Orchestration
Learn how orchestration is handled inside R2R
Introduction to orchestration
R2R uses Hatchet for orchestrating complex workflows, particularly for ingestion and knowledge graph construction processes.
Hatchet is a distributed, fault-tolerant task queue that solves scaling problems like concurrency, fairness, and rate limiting. It allows R2R to distribute functions between workers with minimal configuration.
Key Concepts
- Workflows: Sets of functions executed in response to external triggers.
- Workers: Long-running processes that execute workflow functions.
- Managed Queue: Low-latency queue for handling real-time tasks.
Orchestration in R2R
Benefits of orchestration
- Scalability: Efficiently handles large-scale tasks.
- Fault Tolerance: Built-in retry mechanisms and error handling.

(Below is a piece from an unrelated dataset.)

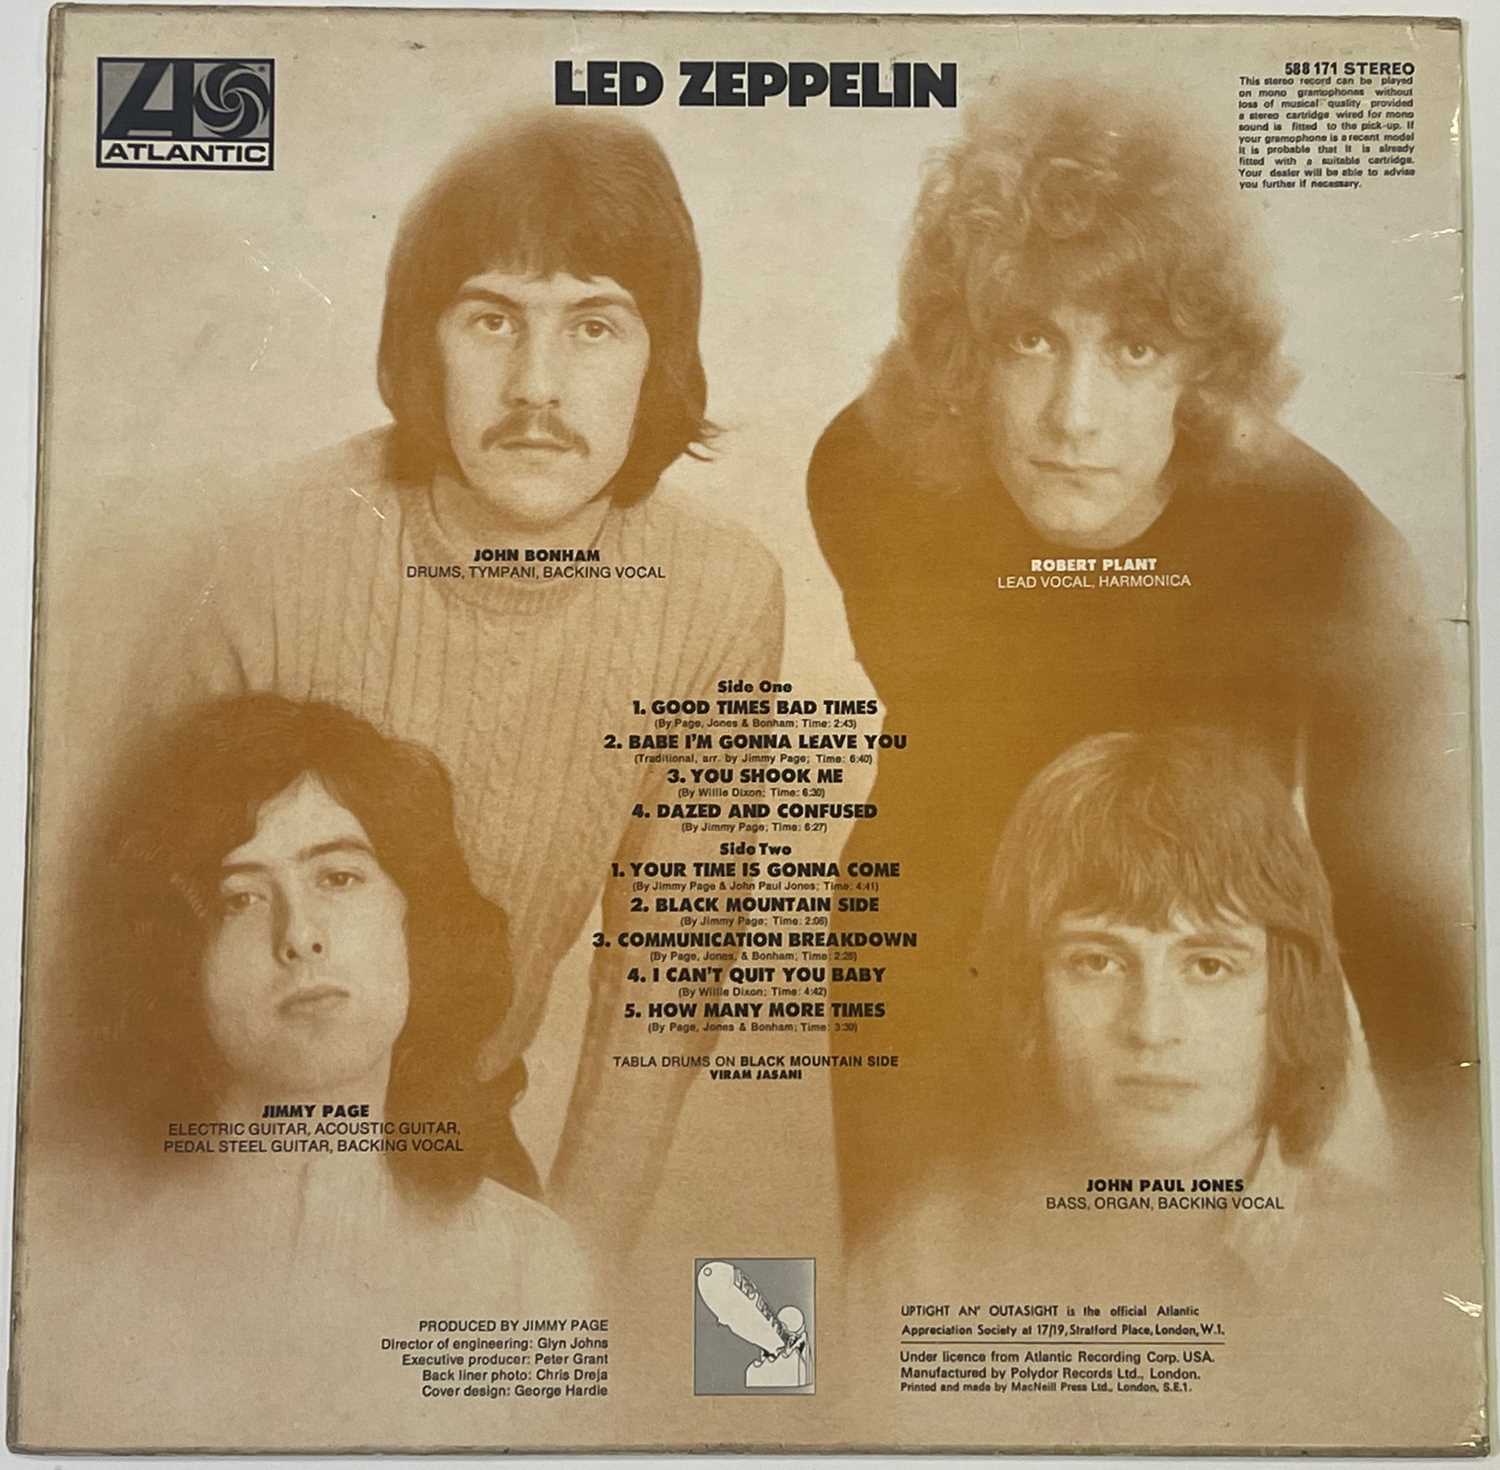 LED ZEPPELIN - LED ZEPPELIN 'I' LP (ORIGINAL UK 'SUPERHYPE' LP/SECOND SLEEVE - ATLANTIC 588171) - Image 3 of 3

- Flexibility: Easy to add or modify workflows as R2R’s capabilities expand.
Workflows in R2R
- IngestFilesWorkflow: Handles file ingestion, parsing, chunking, and embedding.
- UpdateFilesWorkflow: Manages the process of updating existing files.
- KgExtractAndStoreWorkflow: Extracts and stores knowledge graph information.
- CreateGraphWorkflow: Orchestrates the creation of knowledge graphs.
- EnrichGraphWorkflow: Handles graph enrichment processes like node creation and clustering.
Orchestration GUI
By default, the R2R Docker ships with with Hatchet’s front-end application on port 7274. This can be accessed by navigating to http://localhost:7274
.
You may login with the following credentials:
Email: [email protected]
Password: Admin123!!
Login
Running Tasks
The panel below shows the state of the Hatchet workflow panel at http://localhost:7274/workflow-runs
immediately after calling r2r ingest-sample-files
:
Inspecting a workflow
You can inspect a workflow within Hatchet and can even attempt to retry the job from directly in the GUI in the case of failure:
Long running tasks
Hatchet supports long running tasks, which is very useful during knowledge graph construction:
Coming Soon
In the coming day(s) / week(s) we will further highlight the available feature set and best practices for orchestrating your ingestion workflows inside R2R.